If the ACC does nothing, FSU and Miami will see their financial gap grow compared to UF and the rest of the SEC. The ACC paid its schools $32 million in 2019-20. Compare that to the $45 million the SEC paid its schools, plus the massive raise it’s about to receive from a new ESPN deal, plus whatever boost comes from Texas and Oklahoma.
Like UF, the Seminoles and Hurricanes will have to compete more with Texas and Oklahoma for this state’s prized recruits. Unlike UF, neither Miami nor FSU would be able to take advantage of a bigger conference presence in Texas.
What happens to the Bulls and Knights depends largely on what happens to the rest of the Big 12.
If the Big 12 looks to expand, USF and UCF would be among the top Group of Five targets (along with Boise State, San Diego State, Cincinnati, Colorado State and BYU). If the Big 12 disbands — maybe Oklahoma State and Texas Tech leave for the Pac-12 — perhaps the Big 12 leftovers merge with the AAC.
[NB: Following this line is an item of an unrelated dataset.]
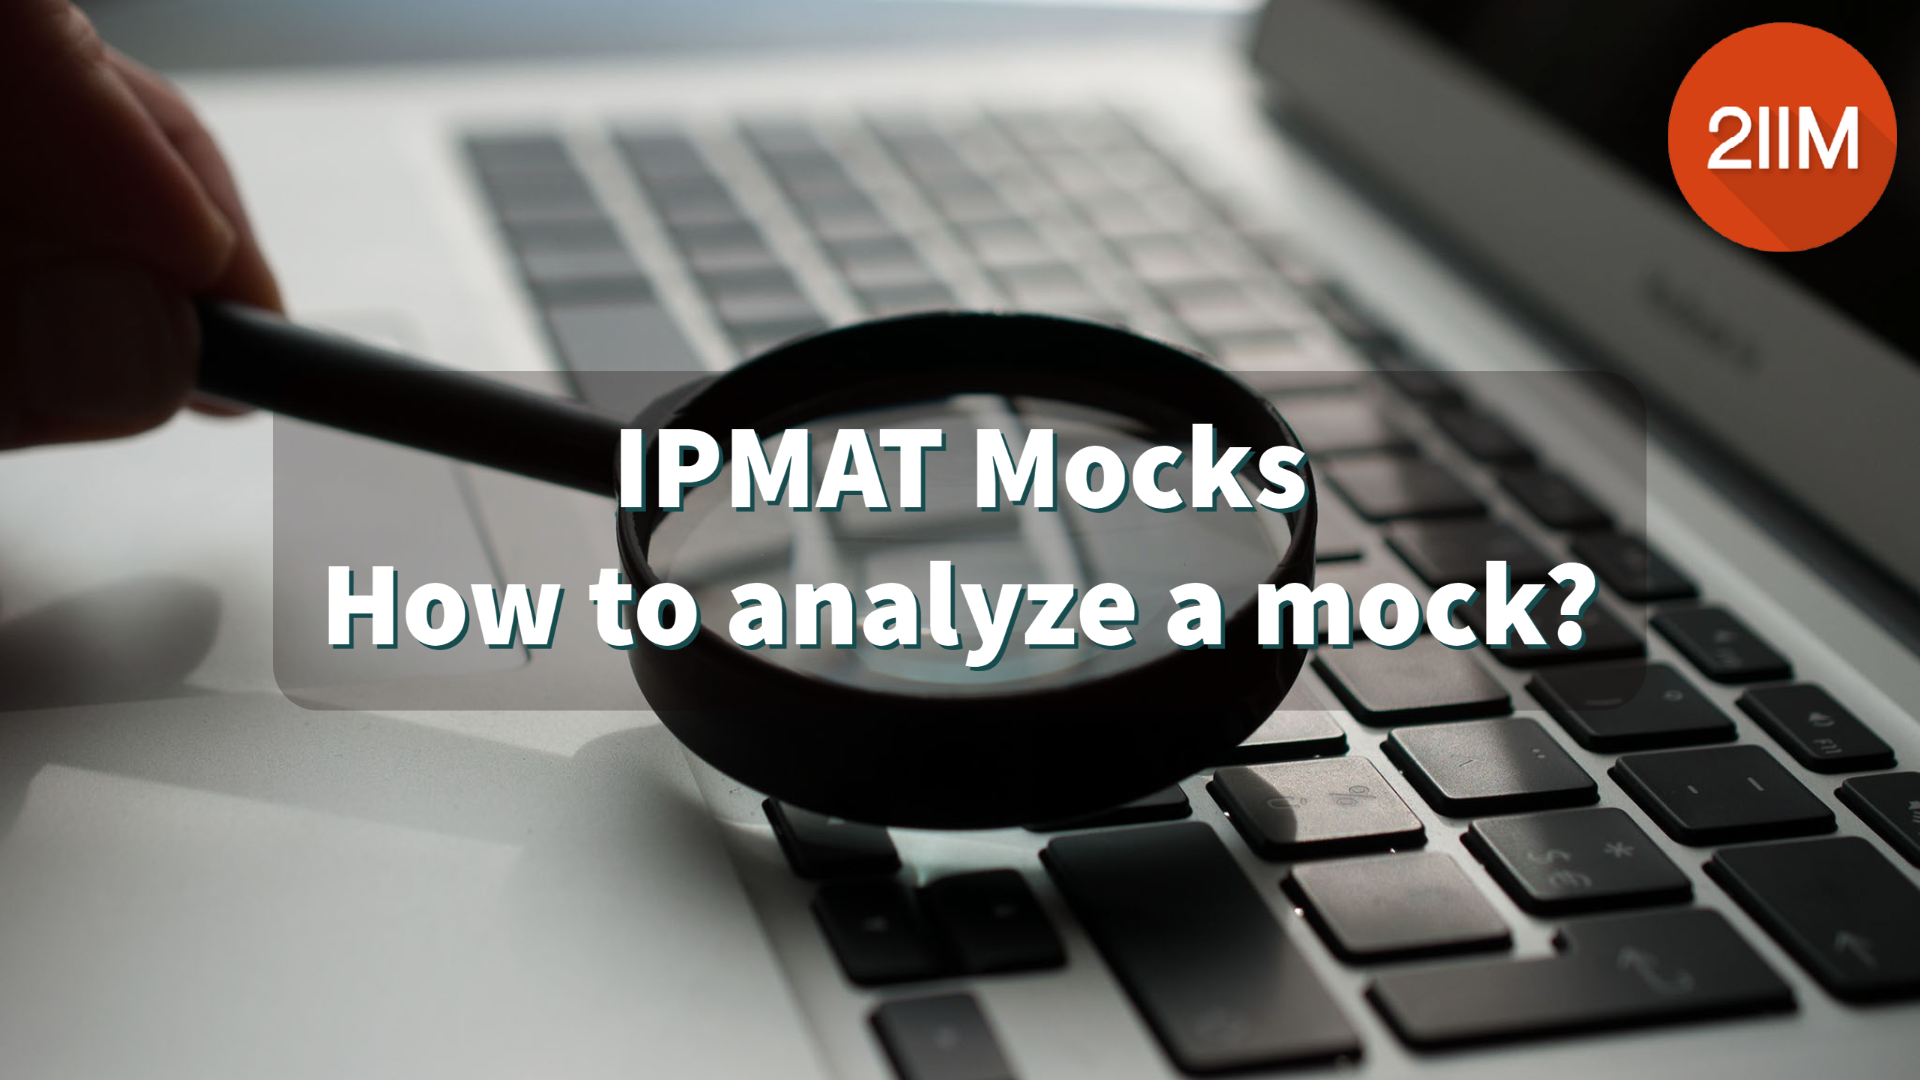 IPMAT Mocks: How to analyze a mock?

It’s hard to see USF or UCF adding enough value for the Big Ten, and the Pac-12 becoming a coast-to-coast league doesn’t make much sense. The ACC already has two Florida teams, and any expansion talks there will center on Notre Dame.
Another complicating factor to consider: USF’s leadership is in flux as president Steve Currall prepares to step down Aug. 2. How much will that affect realignment, which is driven largely by school presidents and chancellors?